Task requirements :: Repeat, exactly as they appear, the lines from the one with "Relaxed Fit Linen" through the last line of the entries below, but none of the pictures.

Data entries:

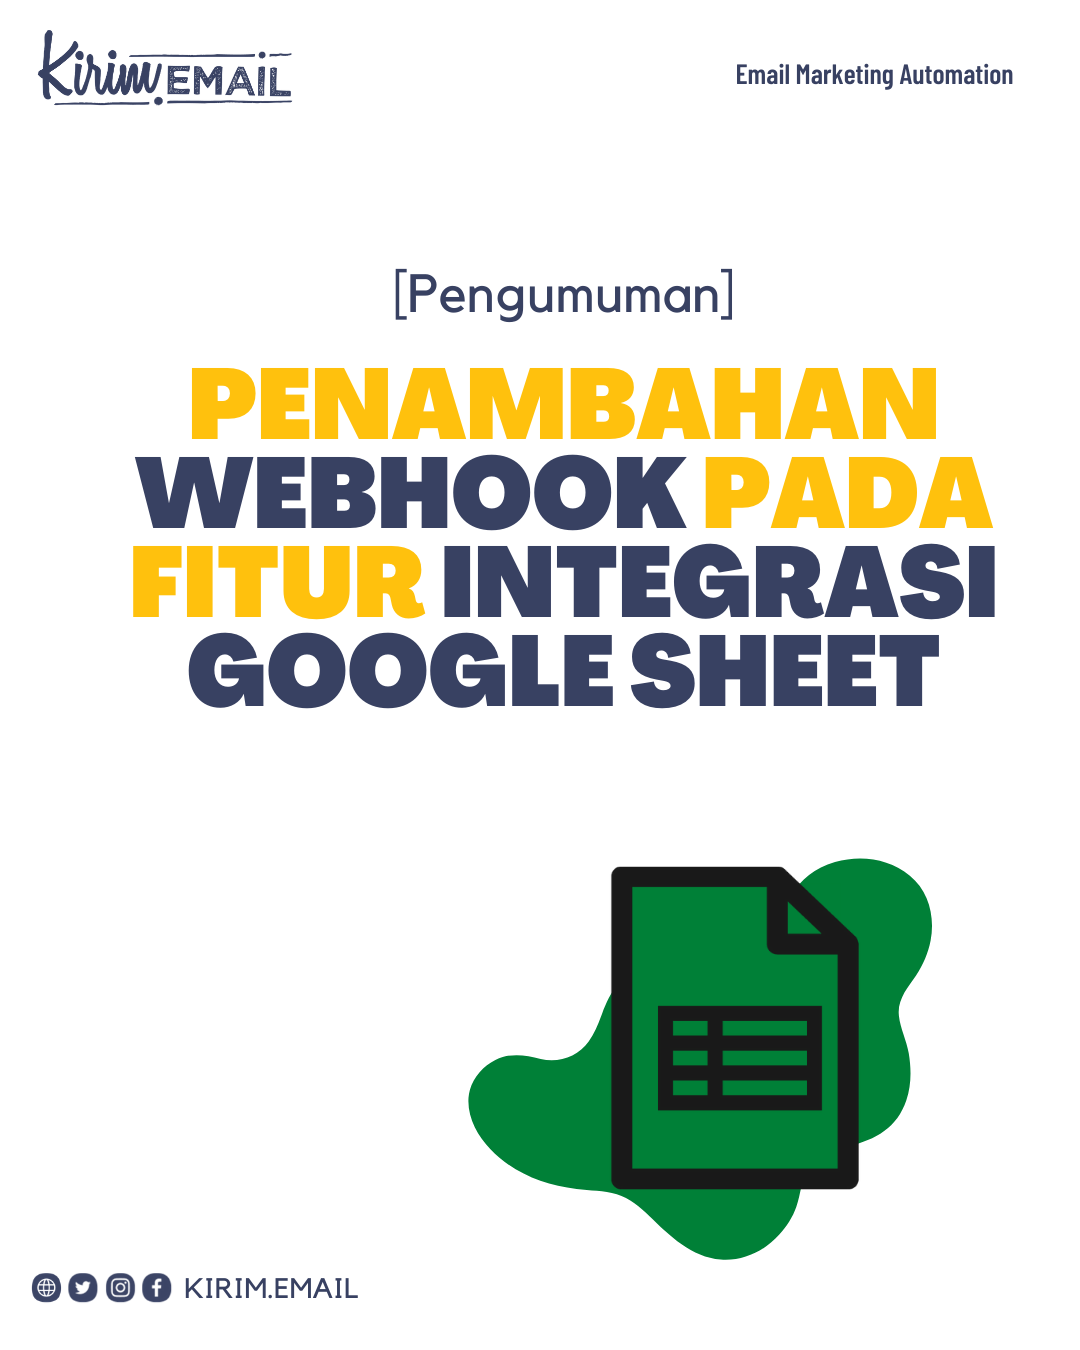 Penambahan Webhook Pada Fitur Integrasi Google Sheet
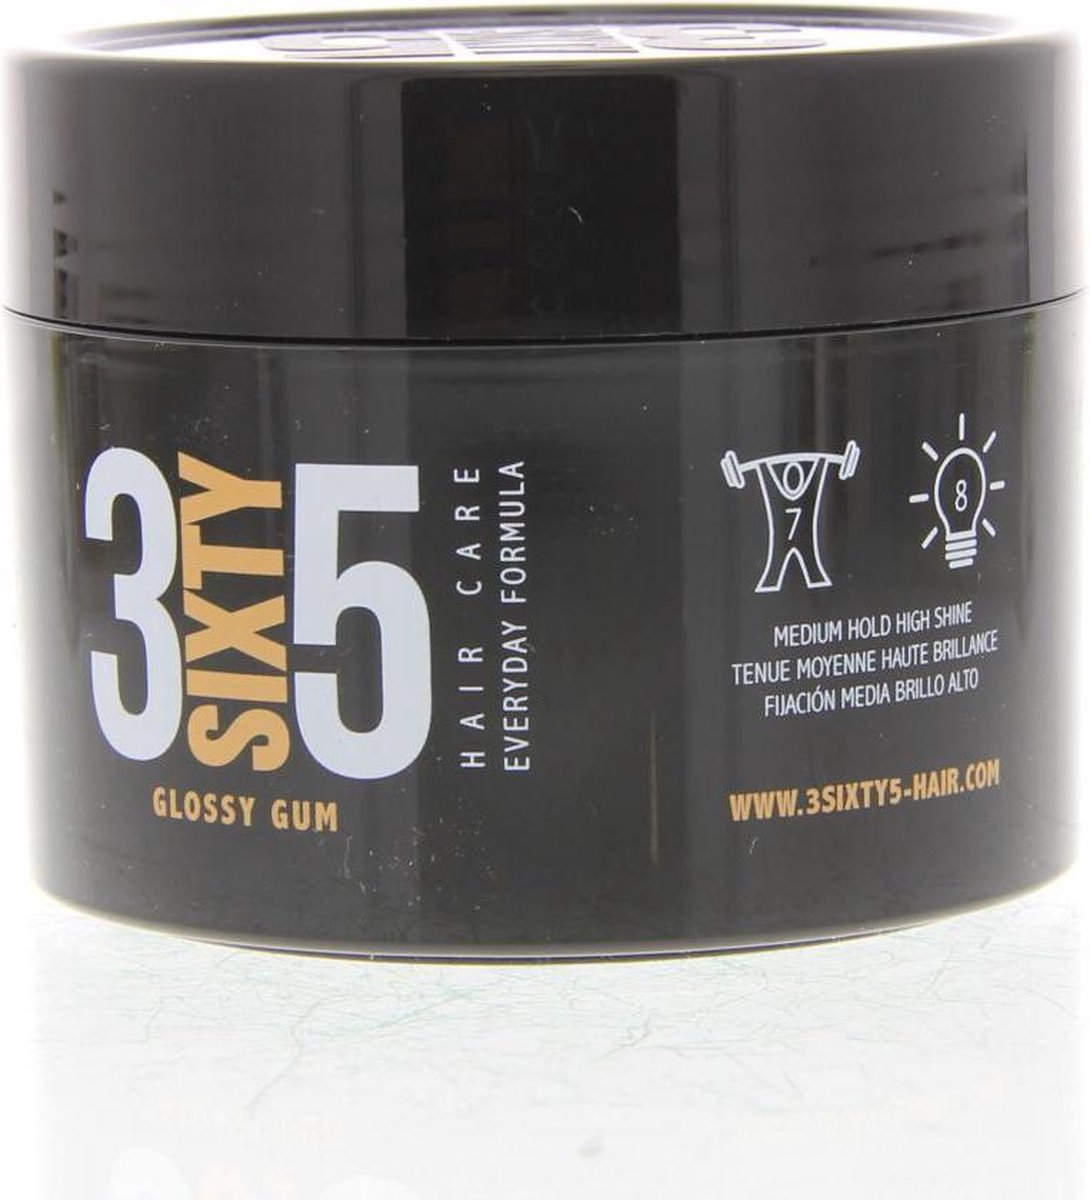 3SIXTY5 - Glossy Gum 75ml
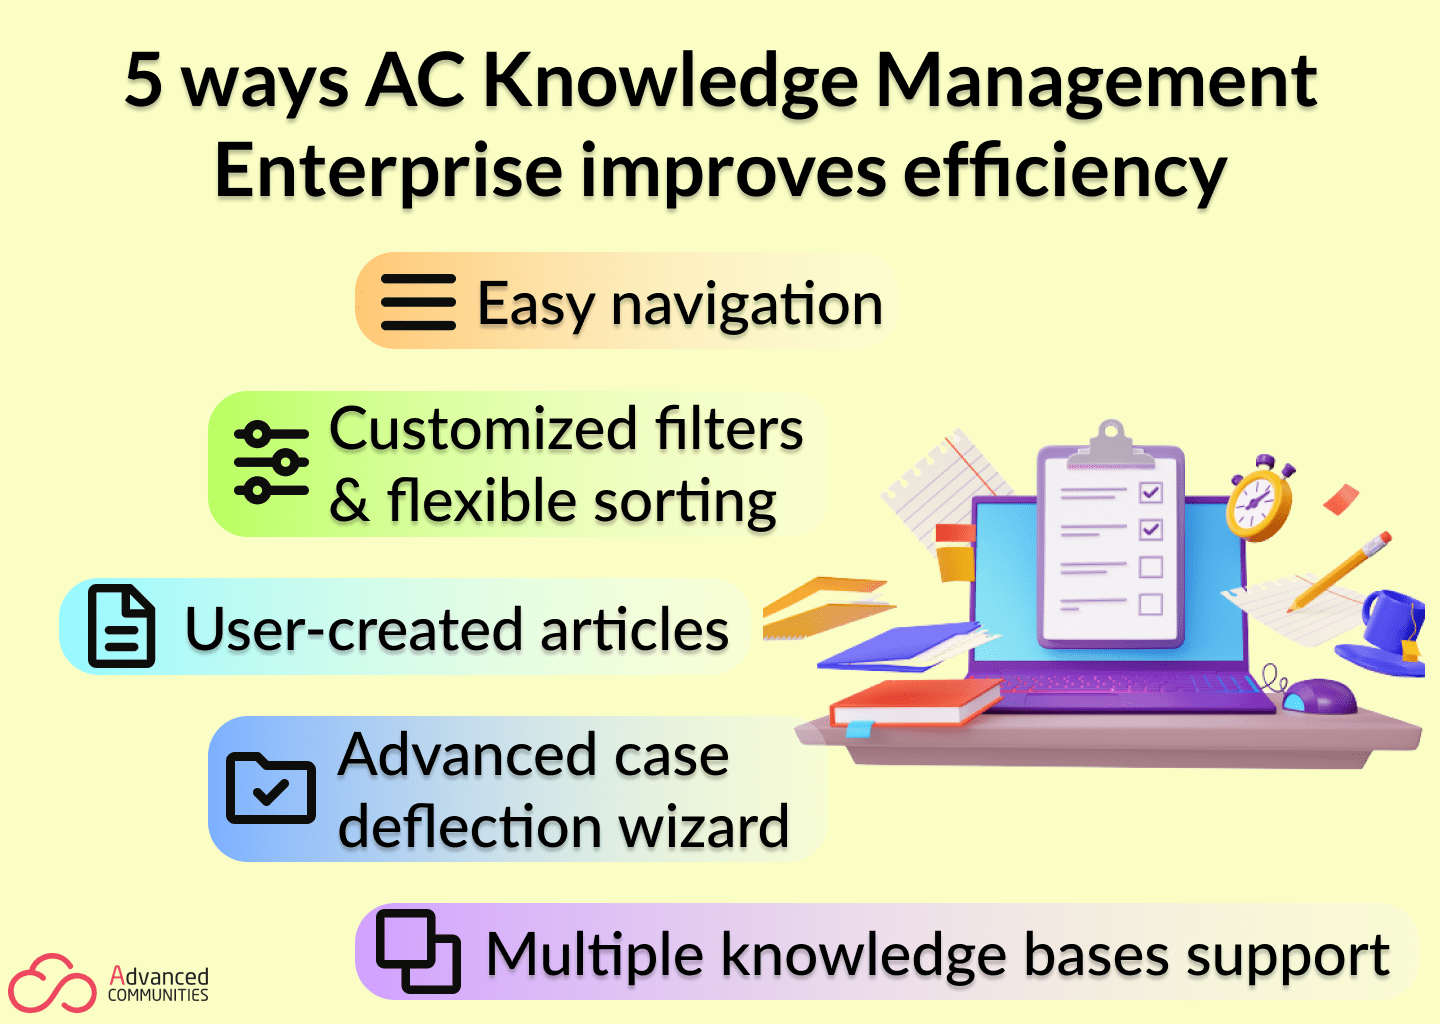 How AC Knowledge Management Enterprise improves support efficiency
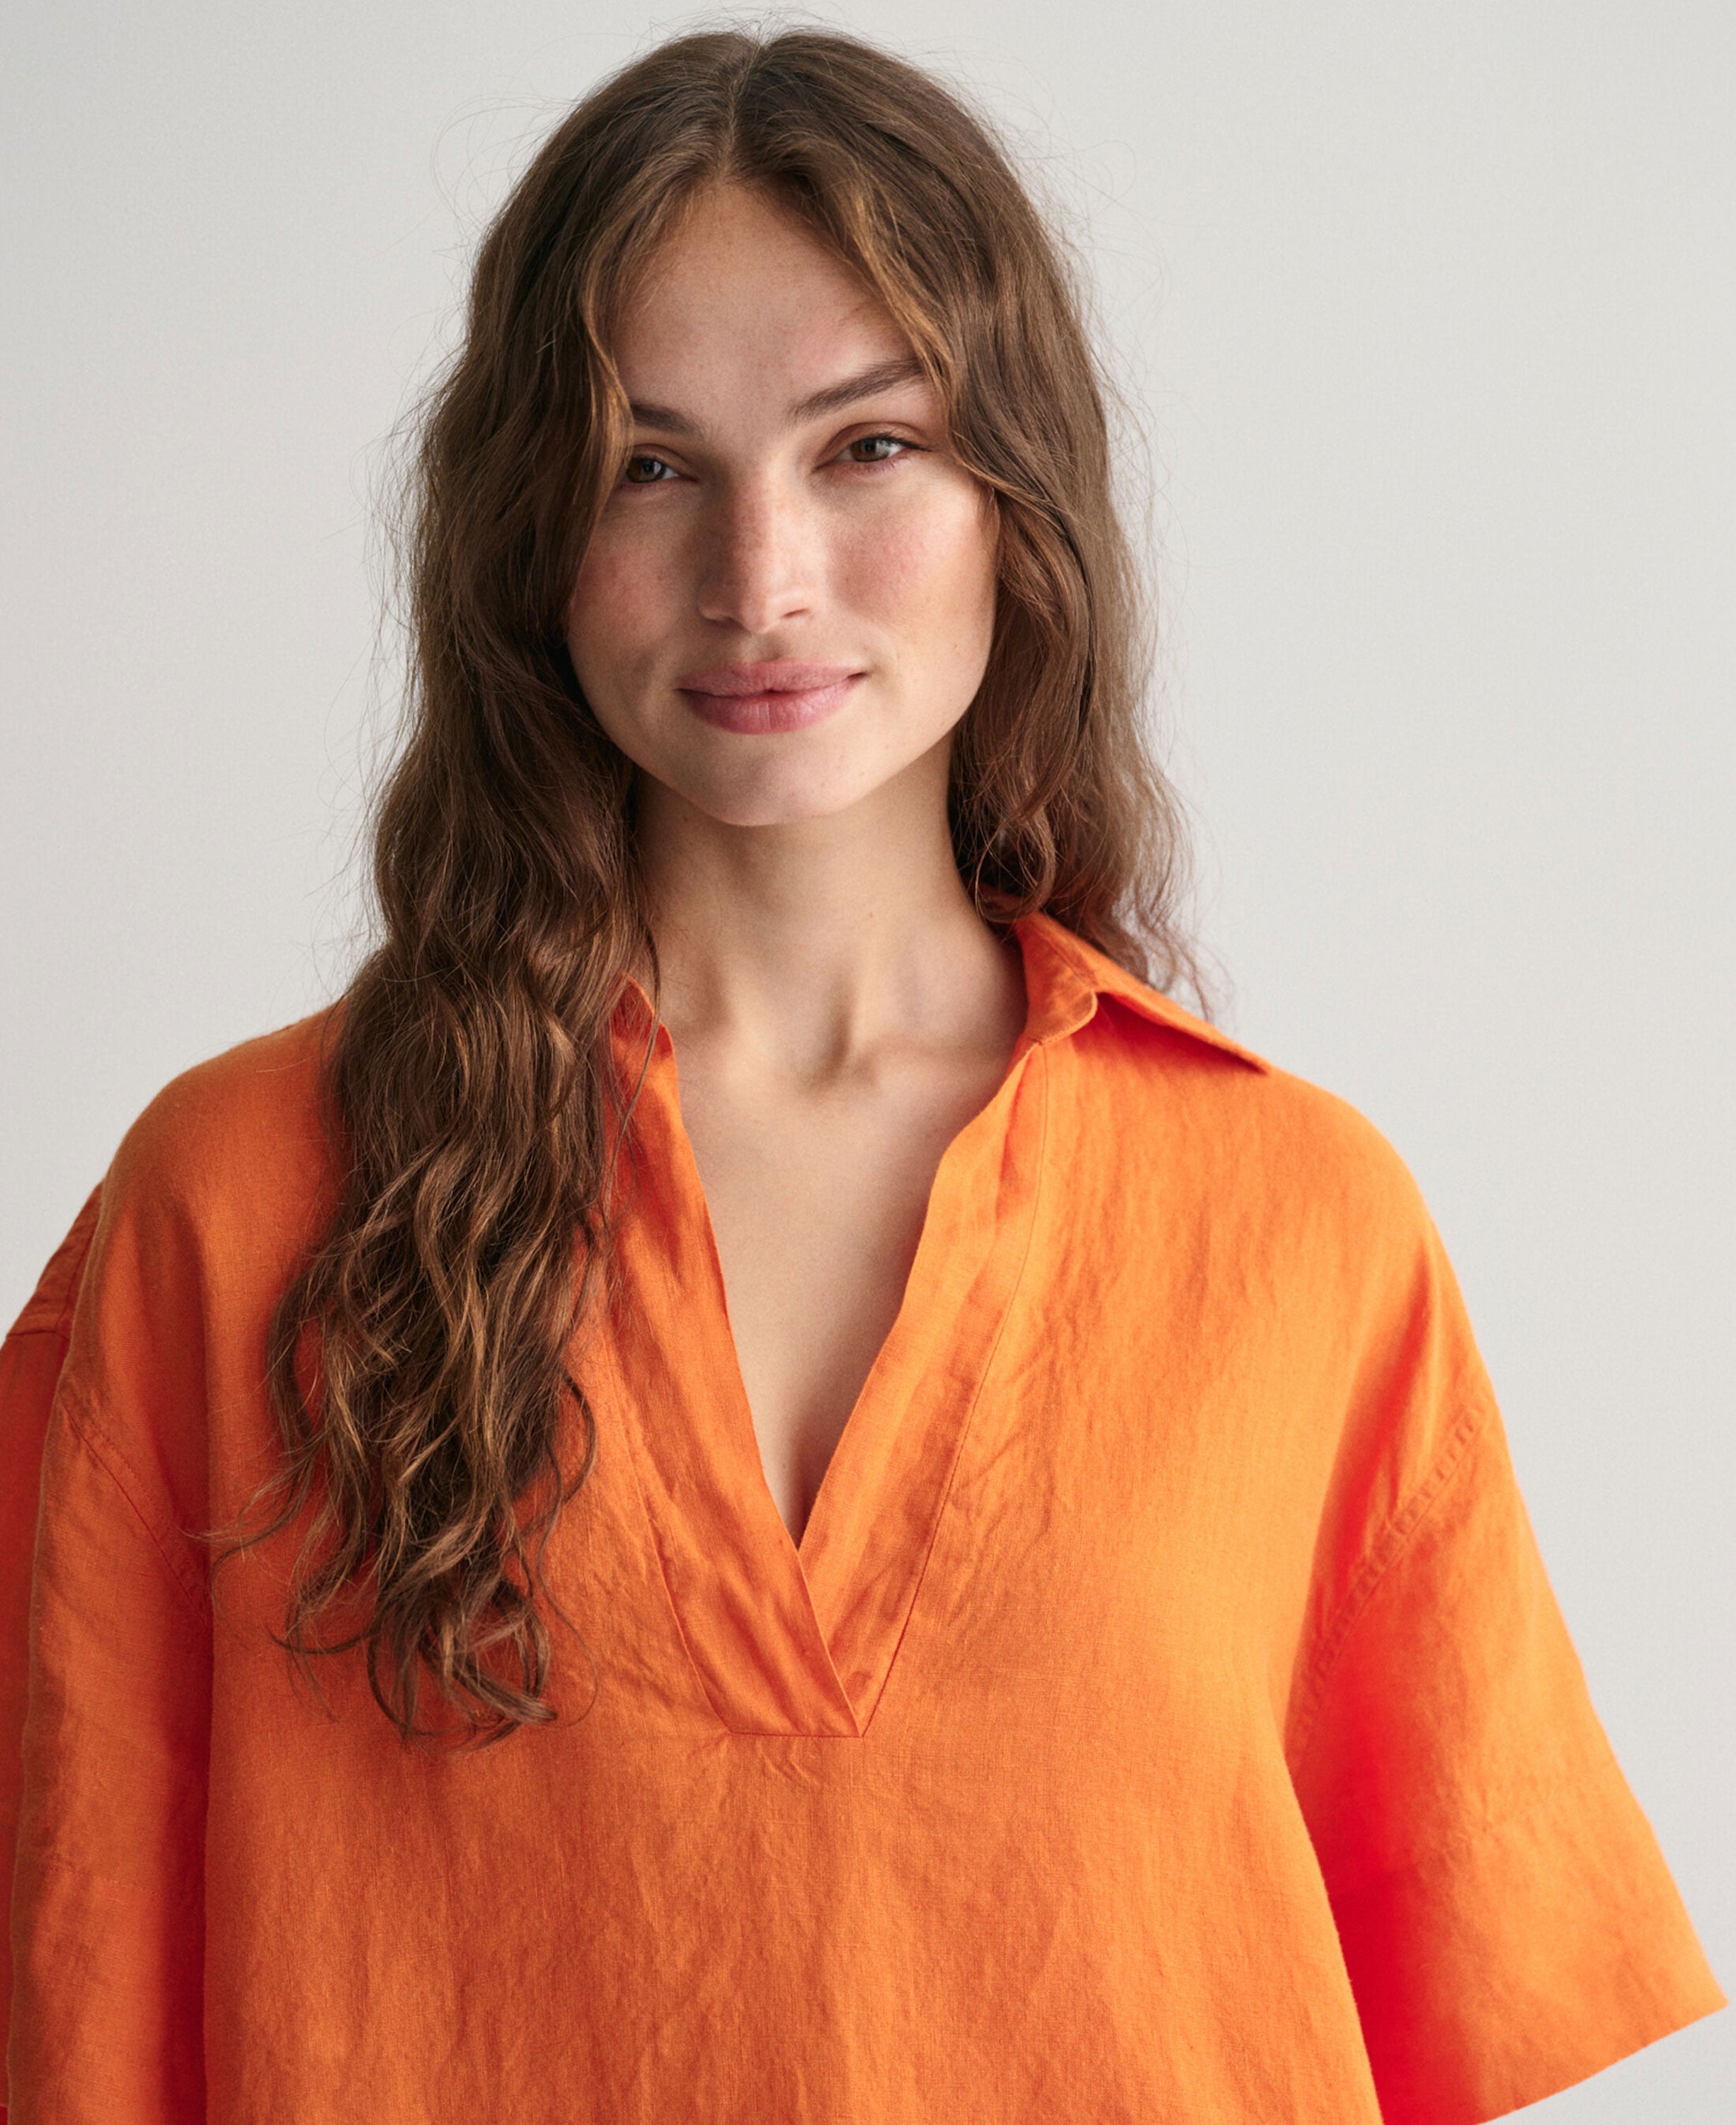 Relaxed Fit Linen Popover Short Sleeve Shirt - Pumpkin Orange
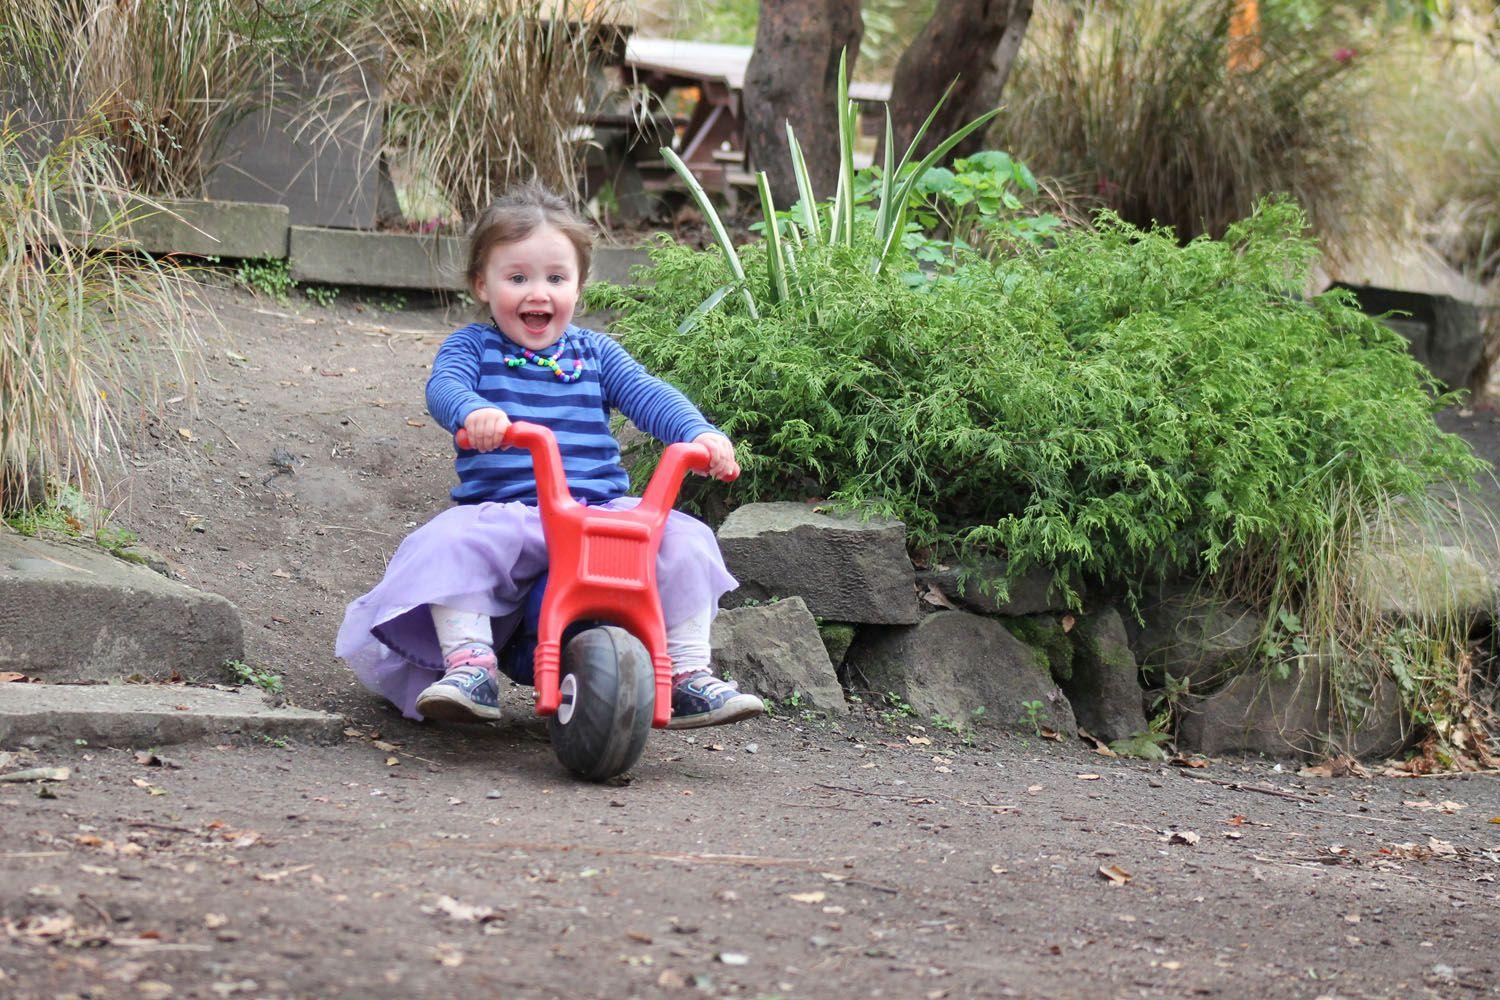 Kid smiling while riding toy bike

Solution for this problem ::
 Relaxed Fit Linen Popover Short Sleeve Shirt - Pumpkin Orange
 Kid smiling while riding toy bike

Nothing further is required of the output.